Although this bacterial disease is most common in northern Norway, she pointed out that winter ulcer disease is nationwide at water temperatures below 10 degrees. Infection is promoted by skin damage and affected fish can survive for prolonged periods, or develop deep sores and a systemic infection with acute loss, she adds.

Even invisible damage to the skin's surface, she pointed out, may cause secondary infections over time after delicing.

“The loss rate of these treatments, or any secondary infections, varies considerably between groups of fish and treatment,” said Galloway. “Accordingly, health status prior to treatment, including the physical condition of the skin, appears important in order to avoid loss and fish welfare problems. Apart from mechanical and lice-related wounds, salmon can also develop winter ulcers by infection of M. viscosa.”

Enhance biological understanding

Genomics and microscopy analysis of field samples and experiments will enhance biological understanding of skin health and wound healing, improve genetics for optimal protection after vaccination and tailor the feed to reduce wound-related losses in Norwegian and international salmon farming, she said.

AquaGen has Skretting ARC and Vaxxinova Norway as business partners in the project, and Norway’s Veterinary Institute is a research partner.

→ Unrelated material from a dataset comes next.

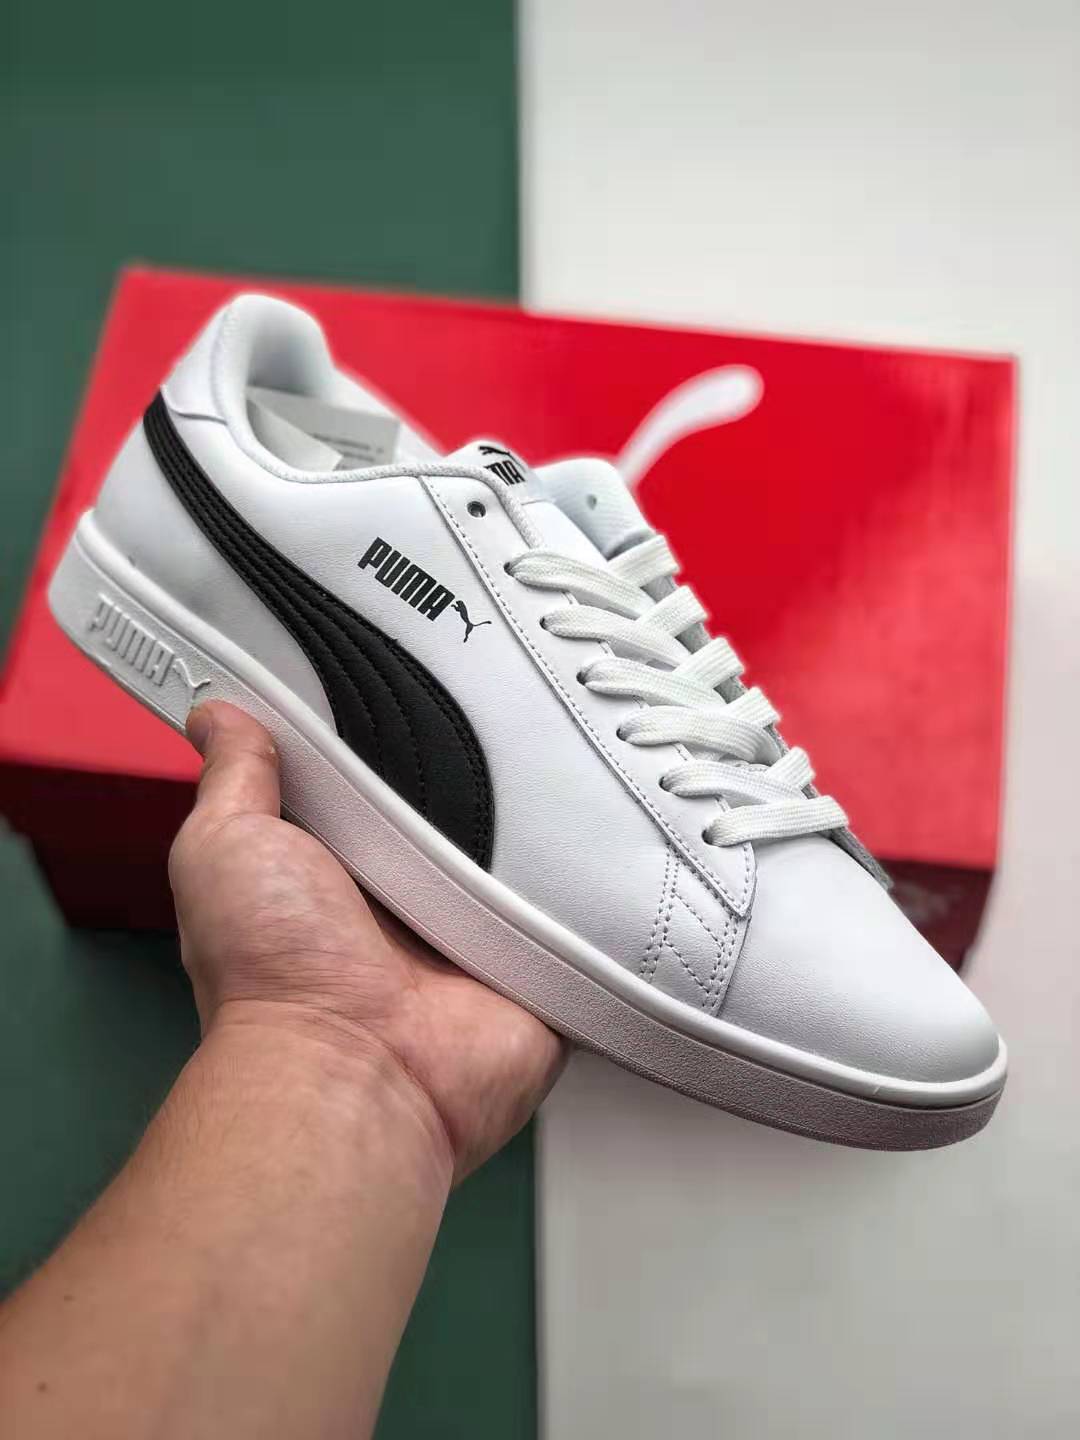 PUMA Smash V2 'White Black' 365215-01 - Sleek and Stylish Sneakers for Men - [Website Name]
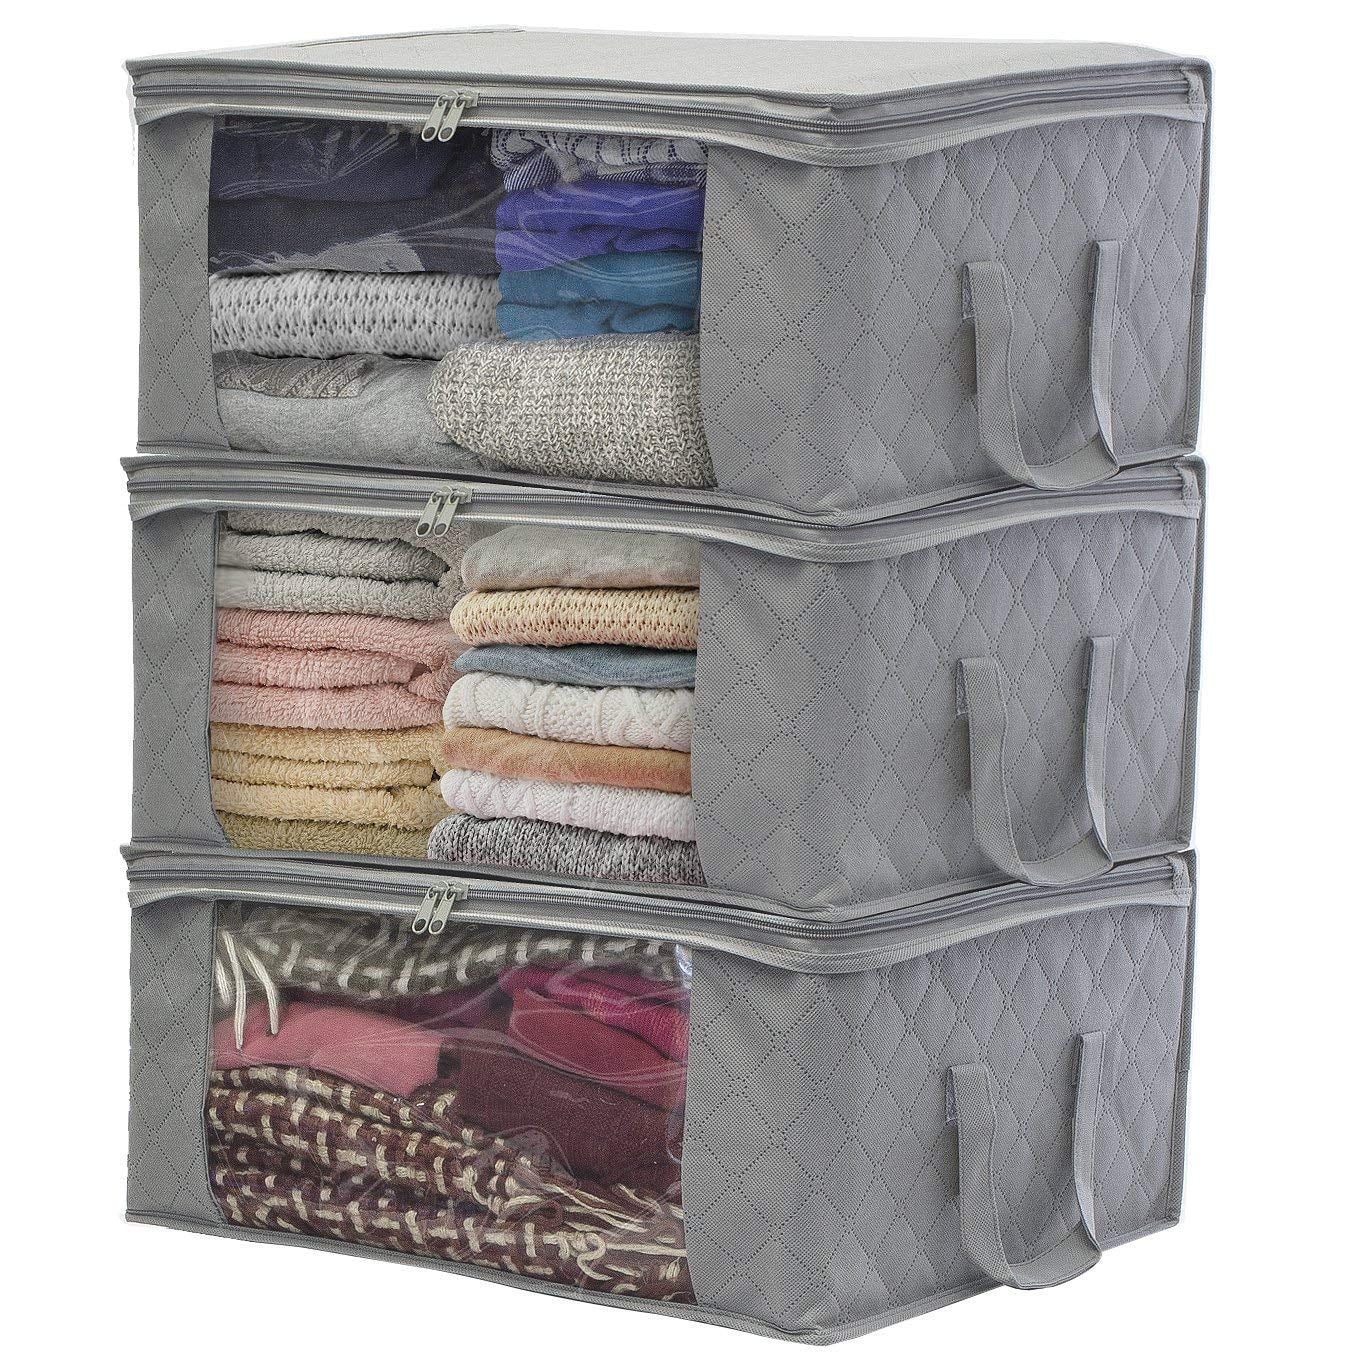 33 Practical Bag Storage Ideas - Shelterness  Bedroom closet storage,  Handbag storage, Apartment closet organization

The project will also purchase research services from a number of research environments in Norway and abroad. In total, 10-15 people will be involved.

The project period is from January 1, 2018 to December 31, 2021, and the companies have a total budget of more than NOK 8 million (£743,000) over four years.

"The project is an innovation project in the business sector within the Research Council's HAVBRUK2 programme, which provides NOK 2.5 million in support. In addition, the participating companies will also seek funding of NOK 1.5 million in tax refunds. All in all, this represents up to 50% public support for the project, something we are very pleased with," said Galloway.